The flaw isn't new — the readers are. For thirty years a human read the rendered page and the gap between pixel and payload never mattered. Now machines read the structure at scale, and a latent property of the format becomes an active security and correctness problem.

For thirty years we assumed a document had one meaning, because a human read the page. Now machines read the structure — and many PDFs never had a single meaning at all.

One file, as many documents as there are readers

The same bytes, the same hash, the same valid signature — handed to five systems that each return a different document. None is malfunctioning; the PDF format guarantees they'll agree on how the page looks, never on what it says.

See the gap in one file

The claim sounds abstract until you watch a single file say two things at once. None of the files below is corrupt. None trips a malware alert. Each is simply a different document depending on who — or what — is reading it.

Exhibit A The character that isn't the glyph

👁 What the page shows a human

9rendered on screen and in print

⌨ What text extraction returns

1copied, indexed, fed to the model

The font's ToUnicode map points the glyph drawn as 9 at the character 1. The page is honest to the eye and lying to the machine — and a digital signature over the bytes certifies both readings. Proven and diagrammed in The Illusion of Immutability.

Exhibit B The signed form that stores a different number

👁 Appearance stream (/AP) — what the signer saw

$1,000.00the rendered field on the page

⌨ Field value (/V) — stored & submitted

$9,000.00the value a backend actually reads

A single form field carries two independent representations. The certificate covers the file's bytes — including both — so the signature stays valid while the value disagrees with its own appearance. See PDF Forms as Executable Security Boundaries.

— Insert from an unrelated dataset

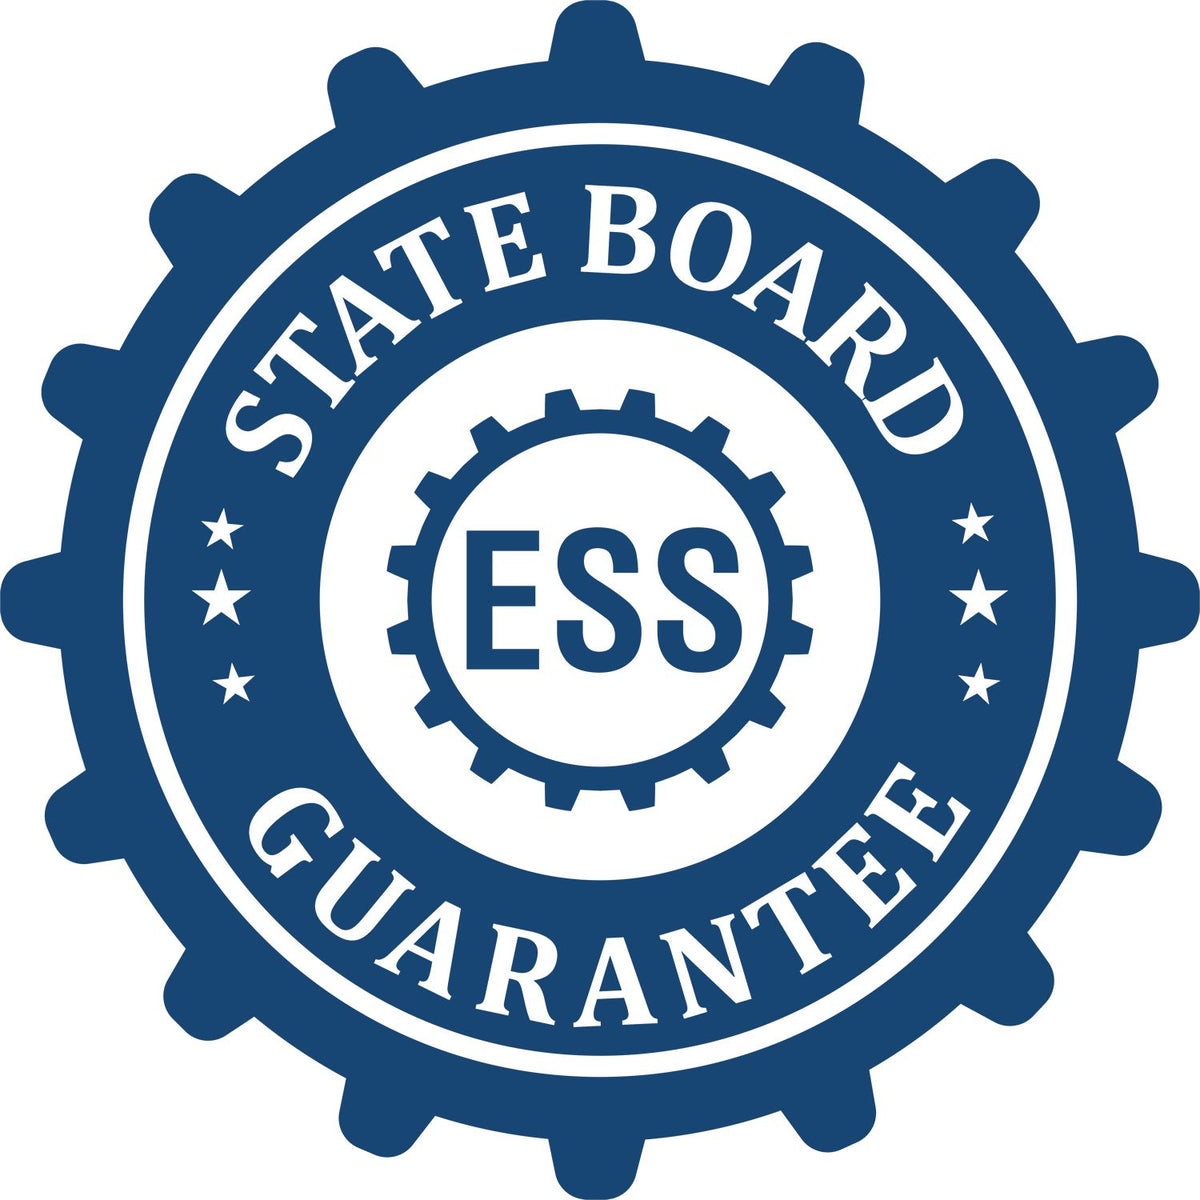 An emblem in a gear shape illustrating a state board guarantee for the Vermont Landscape Architectural Seal Stamp product.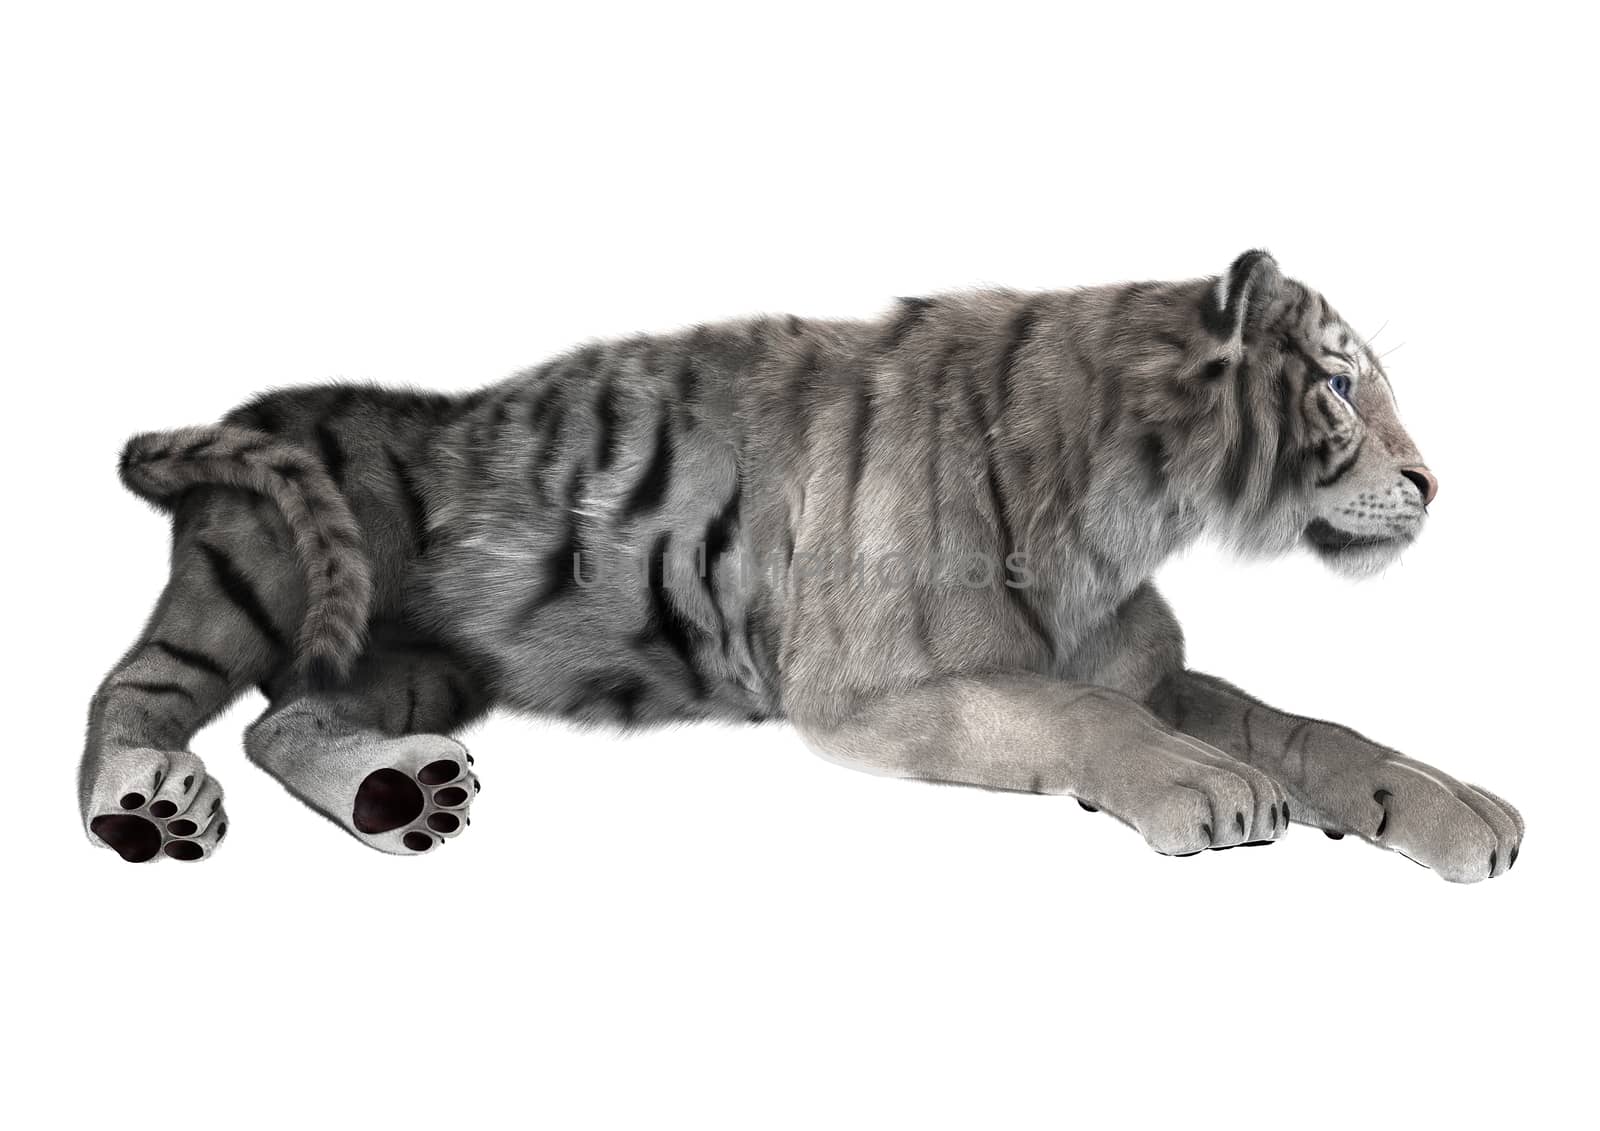 3D digital render of a white tiger resting isolated on white background

Exhibit C One 686-byte file, six parsers, no consensus

Parser	Pages	JavaScript	Encrypted	AcroForm
MuPDF	1	None	No	No
Poppler	1	Present	No	No
Ghostscript	1	None	—	—
qpdf	1	—	No	—
pdfminer	1	Present	No	No
pdf.js	1	Present	No	—

The same file hides a JavaScript action in the /Names/JavaScript tree. Three parsers surface it; the others don't surface it as shipped — and that is not a matter of parsers being wrong. Each answers a different question: Ghostscript rasterizes and never enumerates interactive actions; qpdf has no path to enumerate it; and MuPDF can (mutool show file.pdf js with MuJS compiled in), but the builds shipped in most security stacks, distros and DFIR kits don't compile it in, and default workflows run mutool info, which never lists it. The point isn't which engine is correct — it's that two security pipelines built on two engines see two different files. A malware scanner built on an engine that never surfaces the action waves the file through as clean; this is a detection-visibility gap, not a spec violation. Real scanner output, all eleven crafted files, in Parser Disagreement: Six Parsers, Eleven Divergences.

Same bytes. Same hash. A valid signature. Three different documents.

See it on your own file

Every exhibit above is what the engine sees on a real upload. Drop in a PDF and watch the three verdict axes — threat, deception, structural — resolve in seconds, with the parser-disagreement and reality-drift signals called out. Zero-retention: nothing is stored.

Open the PDF Forensics Scanner →

24,824

real PDFs analyzed · three corpora

16,971

complete DOJ Epstein release

0.34%

false-positive rate (6,281-PDF control)

18.6%

human-vs-machine reality drift

1 in 3

files where six parsers disagree

verdict axes (threat · deception · structural)

Findings, visualized

24,824 real PDFs · three corpora, measured separately

16,971 DOJ Epstein release · 6,281 real-world benign control · 1,572 curated malicious / edge-case — never blended into a single number.

Six parsers, no consensus

502 of 1,572 files where production parsers disagree on extracted content or structure a security or ingestion pipeline would act on — page count, JavaScript visibility, encryption or form values. Spec-legal optional-feature absence and version strings are not counted as disagreement.

Human-vs-machine drift

18.6% of the Epstein release reads differently to a person than to a text extractor — nearly 1 in 5.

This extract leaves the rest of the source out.